Telefónica Tech digitalises Stolt Sea Farm’s aquaculture holdings with AI
Telefónica Tech’s Spain division plans to digitalise 14 of Stolt Sea Farm’s aquaculture holdings through its company Geprom and its Big Data and AI business line.
The five-year project will transform the land-based company’s farms in Spain, Portugal, France, Iceland and Norway.
According to Telefónica, plans include the development of a pioneering digital tool that will allow Stolt Sea Farm to optimise its business by giving it the capacity to predict the supply and demand of its fish.
The tool will integrate various industrial digitalisation platforms (WMS for warehouse management, MES for production digitalisation and APS for production and demand planning) with data collected at the plants and analysed with Big Data and AI.

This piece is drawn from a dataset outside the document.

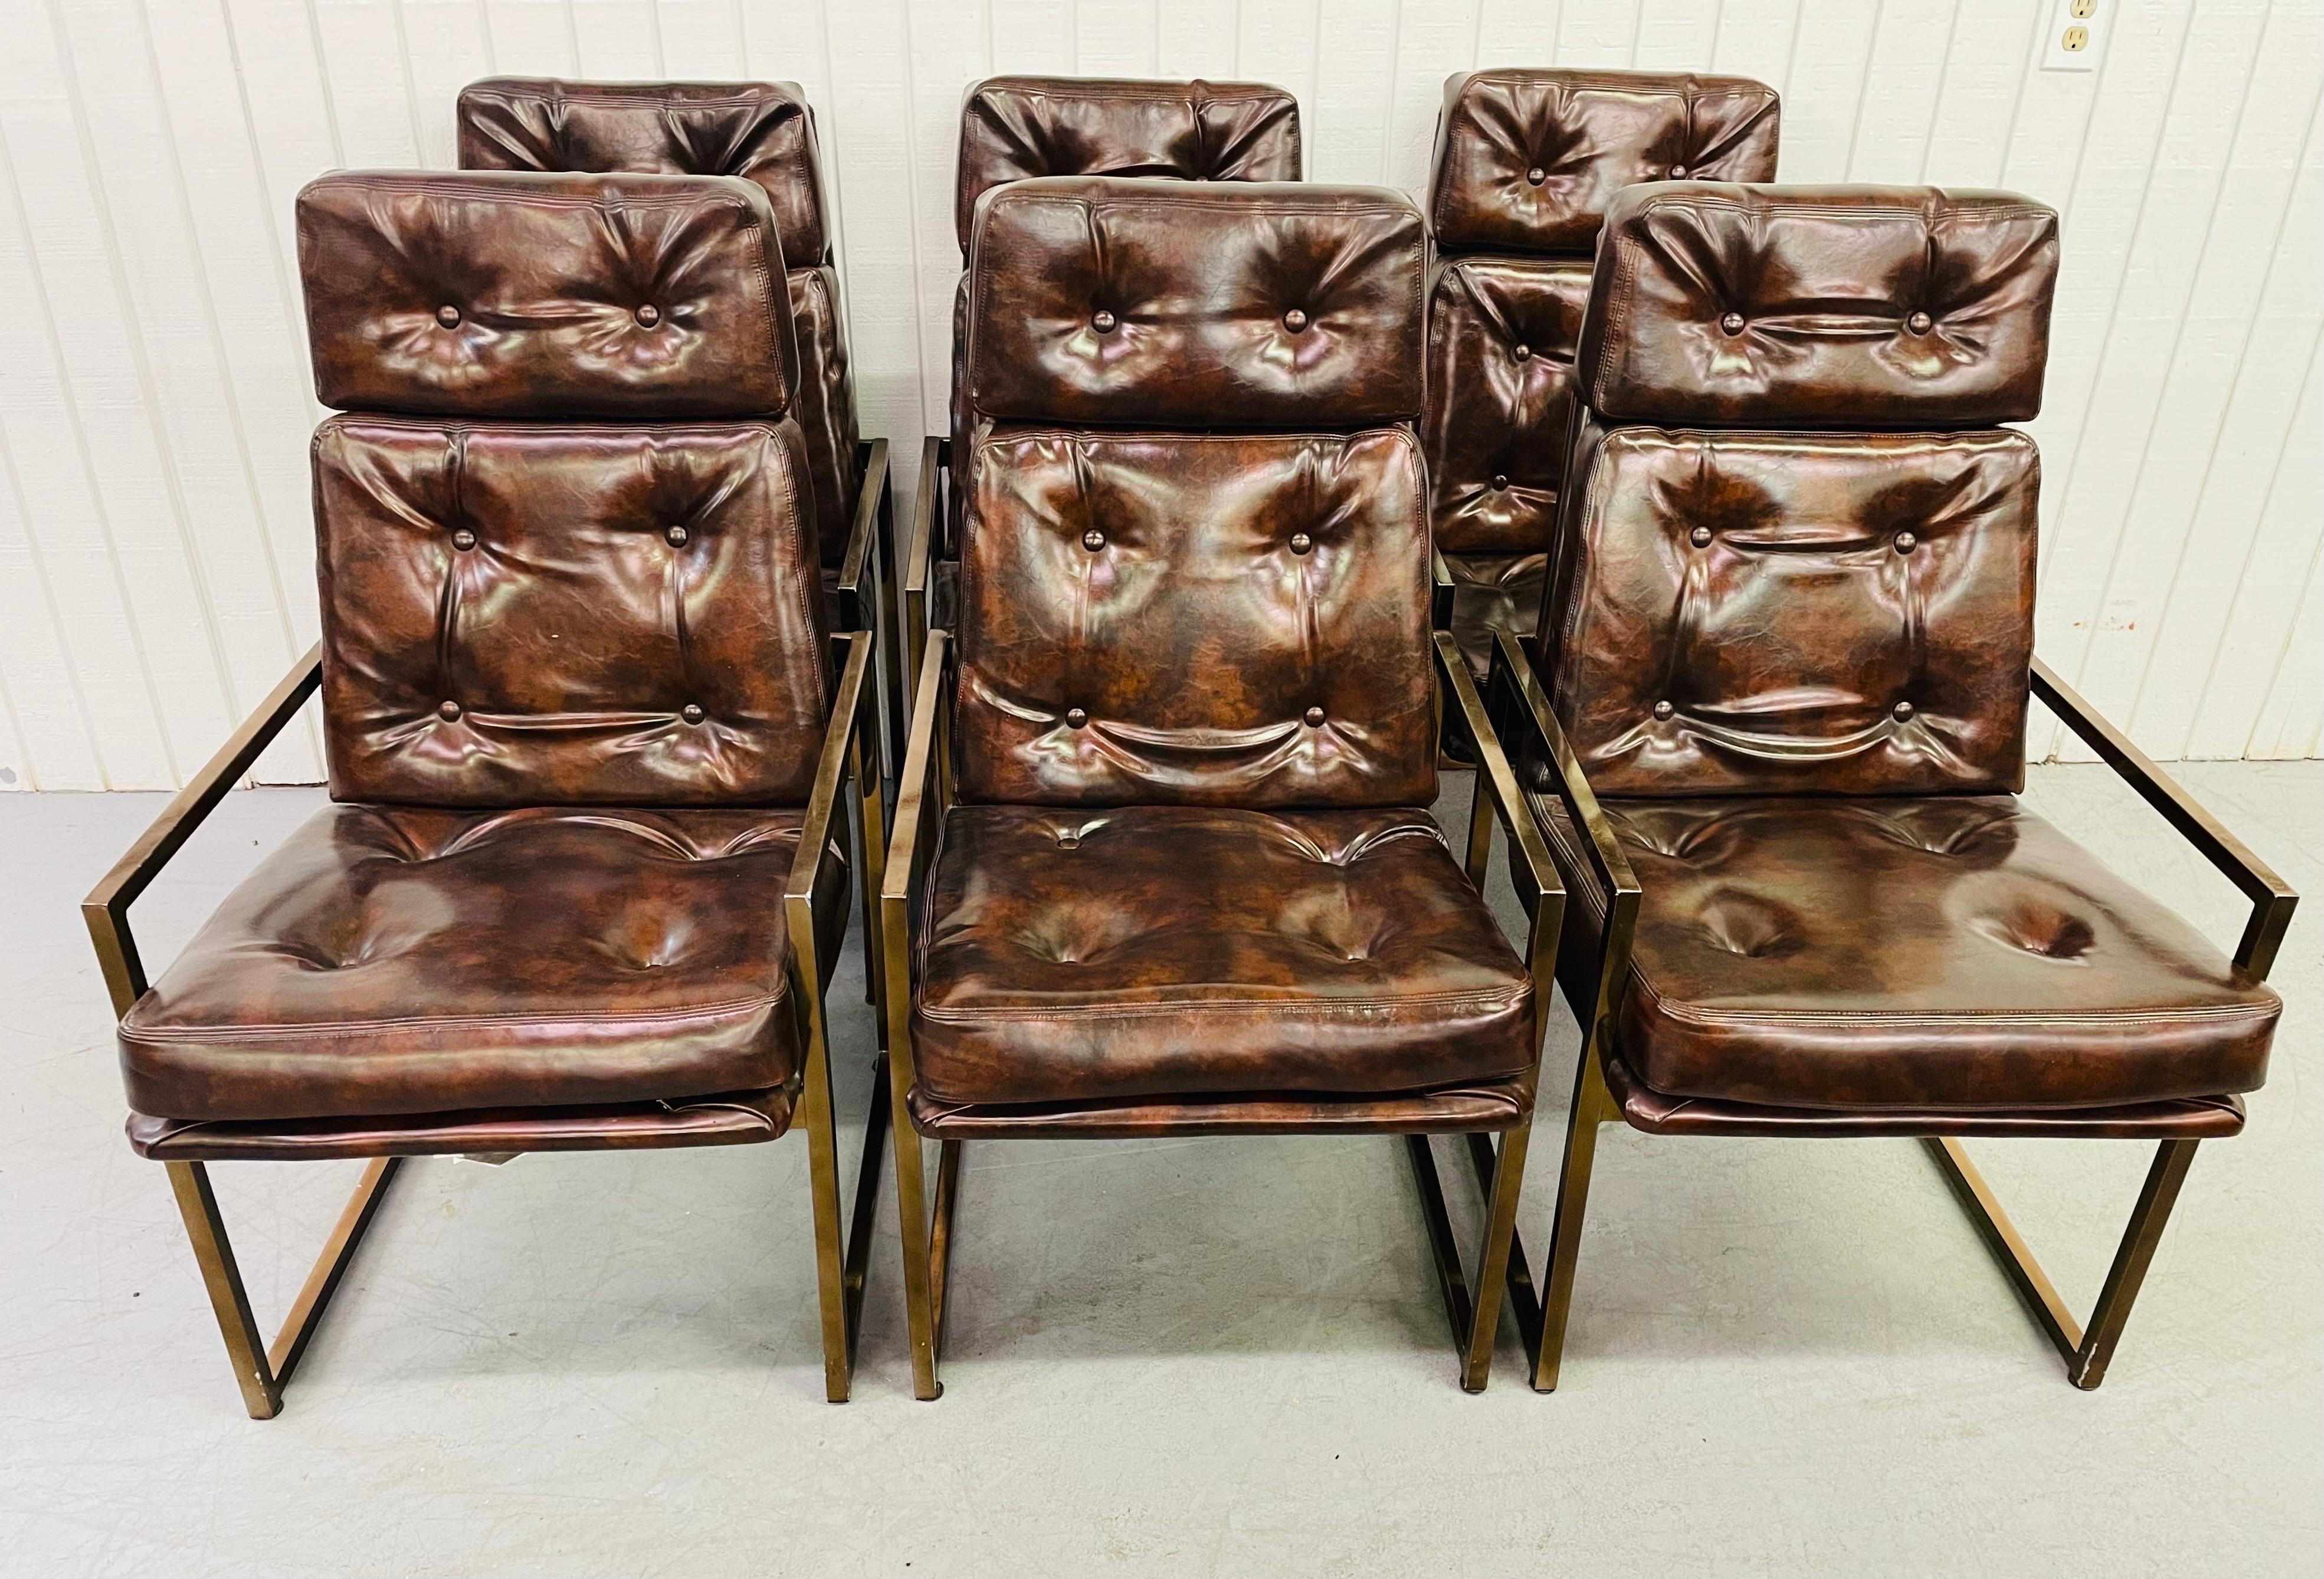 This listing is for a set of six 1980’s Chromcraft leather dining chairs. Featuring the original leather upholstery, tufted backs/seats, and bronze colored frames.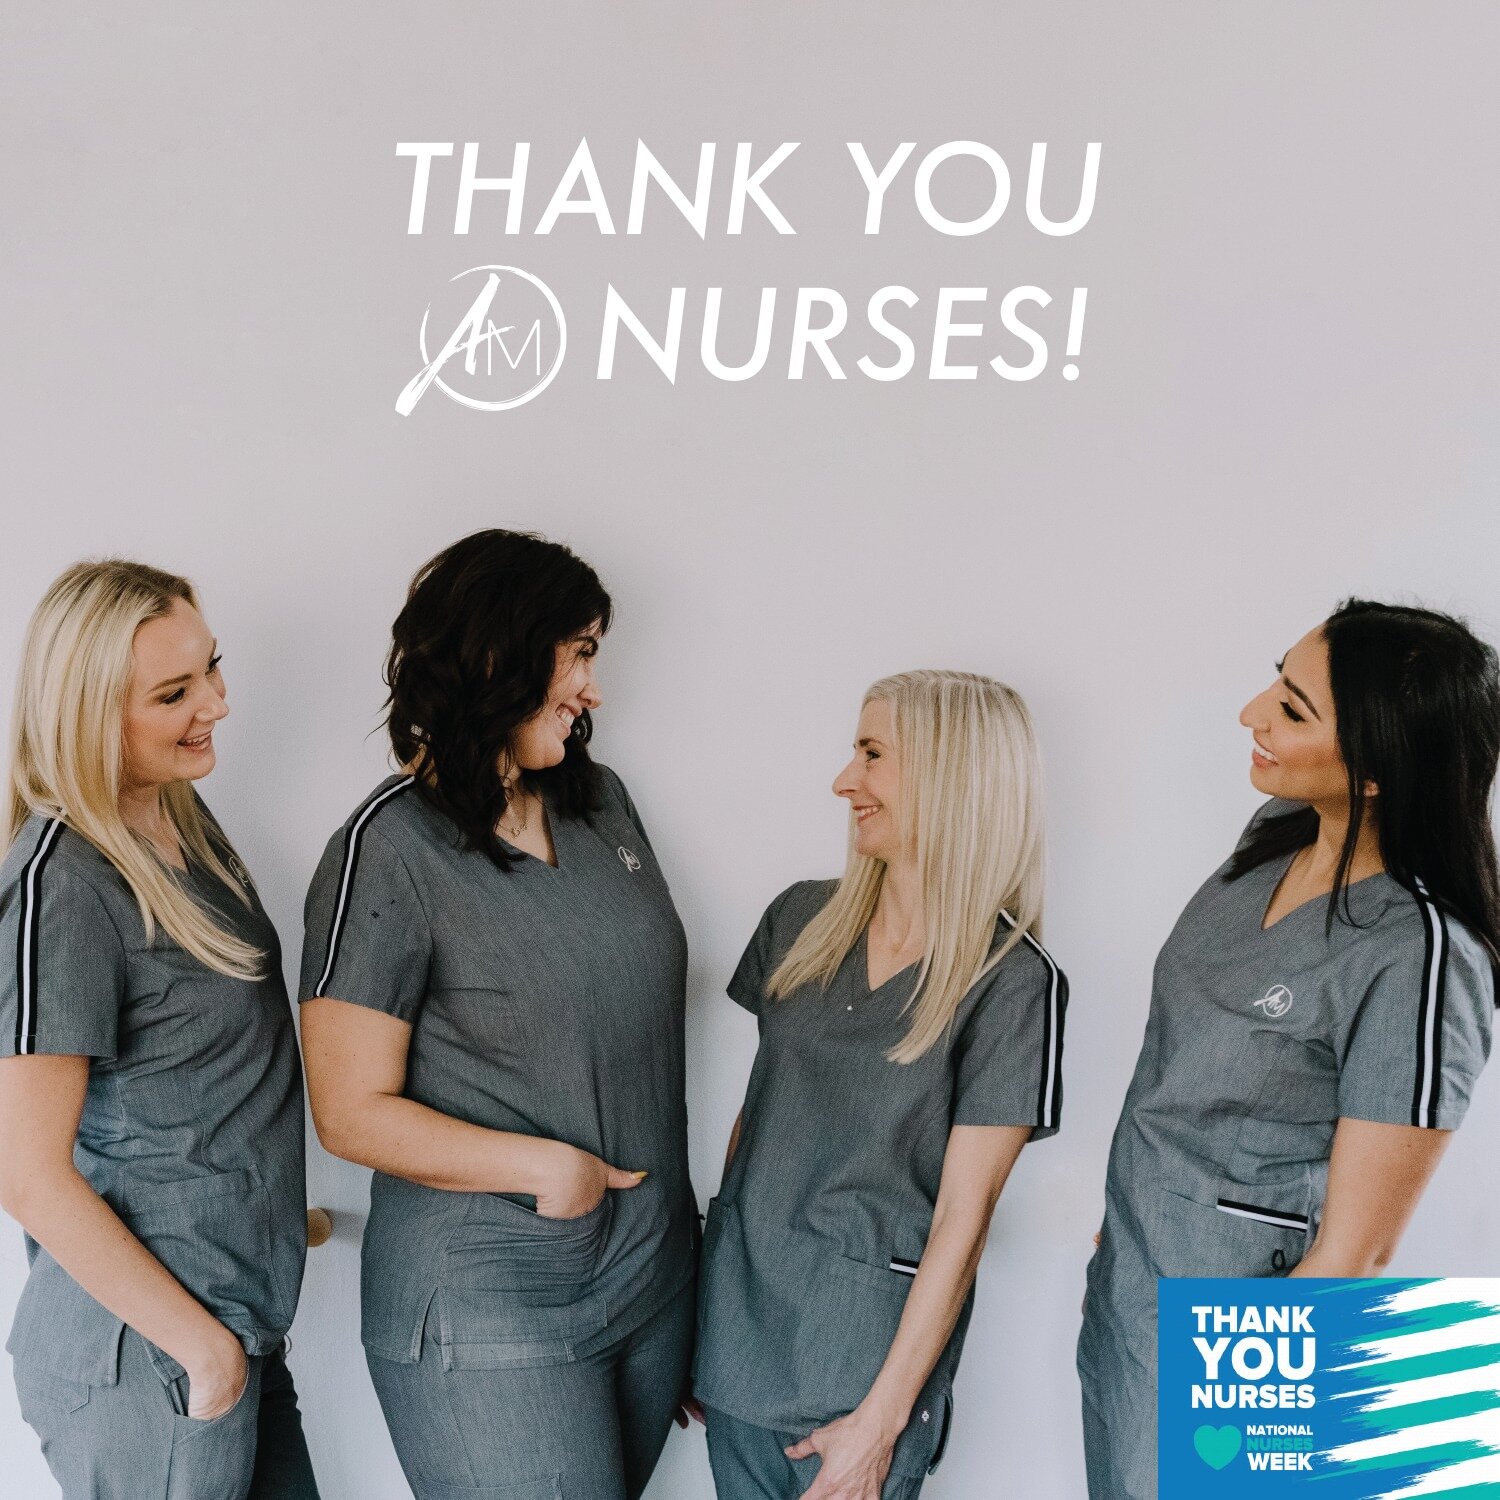 Florence Nightingale is considered the founder of modern nursing and her birthday is May 12. So, every year we celebrate Nurses Week in Ontario during the week of May 12th. Nurses are the bedrock of our healthcare system, and we are so grateful for t

Telefónica said its machine learning algorithms will also provide Stolt Sea Farm with patterns to improve its planning as advanced analytics will give it an estimate of customer orders and allow it to more efficiently manage the process of preparing fish for sale.
Stolt will also be able to optimise its processes to more accurately quantify the number of turbot – European flatfish, and sole fingerlings – newly hatched fish, it needs to bring into the farms to ensure it reaches the right size on time.
“The application of technologies such as Big Data and Artificial Intelligence allows the industrial sector to rely on analysed data to make better decisions aimed at transforming their business models and making them more efficient and competitive,” said Dario Cesena, CEO of Geprom, part of Telefónica Tech.
Jorge Juan Alfonso, food operations manager of Stolt Sea Farm, added: “The digitisation of both demand planning and our production processes, both in an integrated manner, will contribute to better service to our customers and better internal management of operational processes.”
By 2050, food production needs to increase by 60% to feed a world population of 9.3 billion. With climate change and its consequent impact on existing food production systems, there is a tremendous focus on the industry to meet the rising food security and nutritional demand.
According to the United Nations (UN), “the starting point must be the awareness that agricultural systems, which include non-food as well as food products, livestock, fisheries, and forestry, are the main source of food and income for most of the world’s poor and food-insecure people, around 75% of whom live in rural areas”.
“If we improve agricultural and food systems, we can improve the livelihoods and health of people, and produce healthier ecosystems as well,” the intergovernmental organisation added.